A follow up to a story we brought you earlier this week....Robert C. Bonds was arrested Wedesday after a Sheriff’s deputy found him in the Sharon area of Kanawha County, after several tips came in. Bonds was arraigned Wednesday afternoon. This after a woman called police Tuesday morning to report that Bonds of Chelyan was in her house near Belle. She said she had a restraining order against him and he was threatening her and her mother. Bonds led police on a chase that went through the road construction area where crews with the West Virginia Division of Highways are cleaning up a landslide and struck and damaged a work truck belonging to the State of WV.
Attorneys for Don Blankenship say prosecutors have given them more than 4 million pages of documents without identifying information that the government plans to rely on at the former Massey CEO's trial. In a motion filed this week, the attorneys say they won't have time to review all the documents to find this information before the trial, which is scheduled for July. Their motion asks U.S. District Judge Irene Berger to order prosecutors to identify all documents that they intend to use. Blankenship's attorneys say prosecutors' massive production of documents doesn't meet their obligations under a U.S. Supreme Court ruling. The ruling says prosecutors violate a defendant's constitutional rights by not turning over evidence that could prove a person's innocence. The Charleston Daily Mail first reported the filing.

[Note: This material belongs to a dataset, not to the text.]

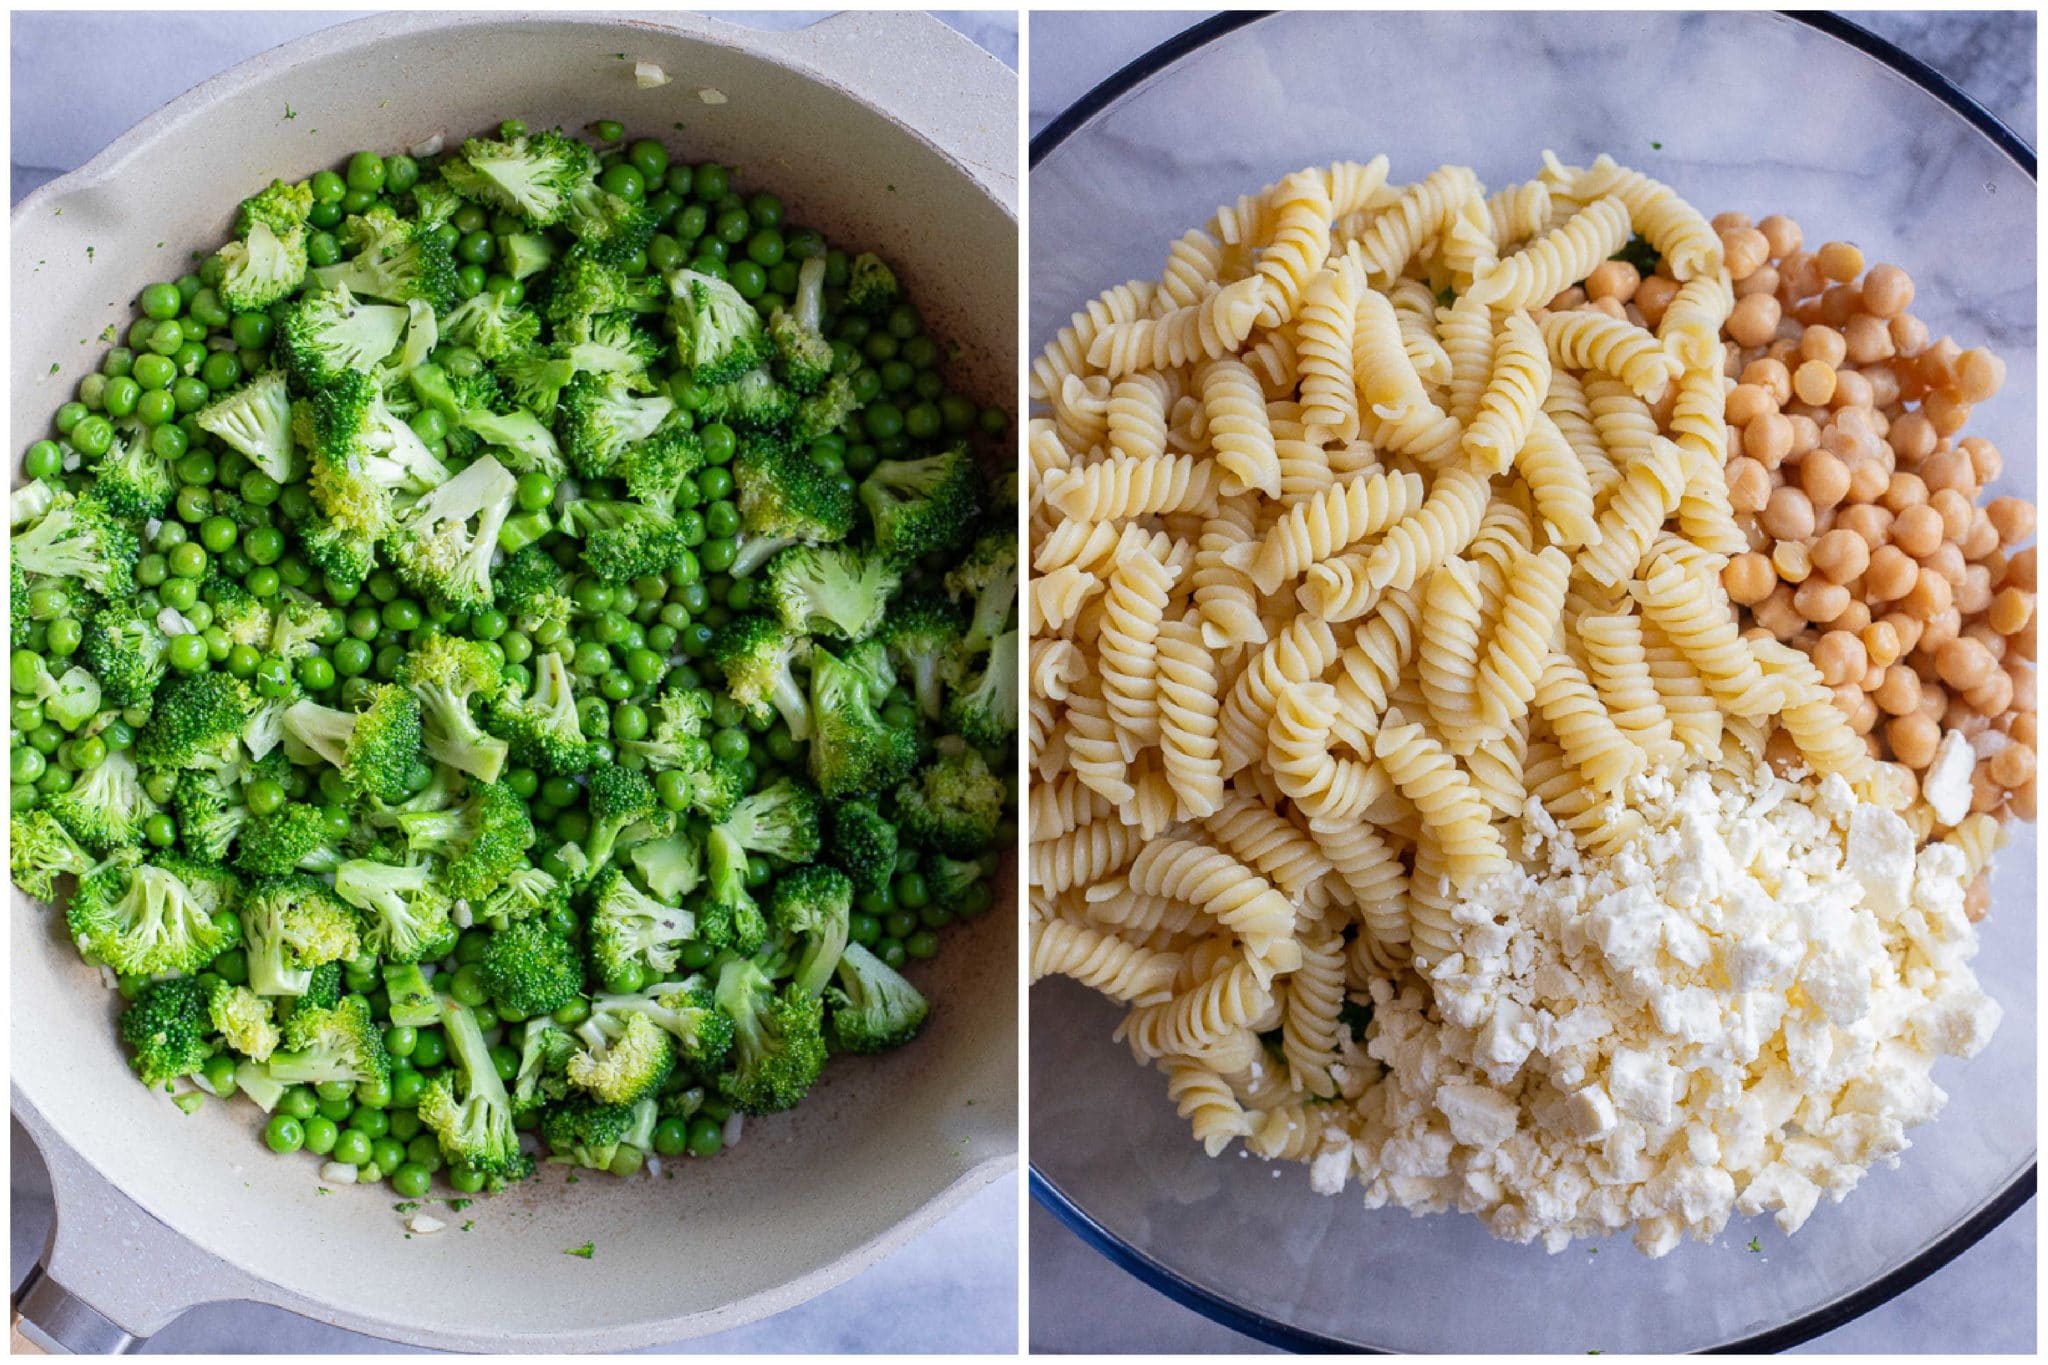 showing how to prepare the broccoli and peas and a bowl of cooked pasta, chickpeas and feta cheese

A nonprofit environmental group has released a mapping tool it says shows mountaintop coal mining has been expanding closer to communities in recent years. Appalachian Voices released the map Tuesday in consultation with SkyTruth, a nonprofit group that uses satellite images to study environmental changes. It identified 50 communities in 23 counties most at risk from mountaintop mining, including 22 in West Virginia. Appalachian Voices says since 1999, surface mining has grown closer to West Virginia communities even as production from those mines has declined.
What could have been a scary situation Tuesday turned out to be nothing at all. Someone called Metro 911 about an active shooter on the roof at Ruffner Elementary in Charleston, and that caused the school to be placed on lockdown. Police didn't find an active shooter, and no shots were ever fired. Investigators are working now to figure out who called in the threat.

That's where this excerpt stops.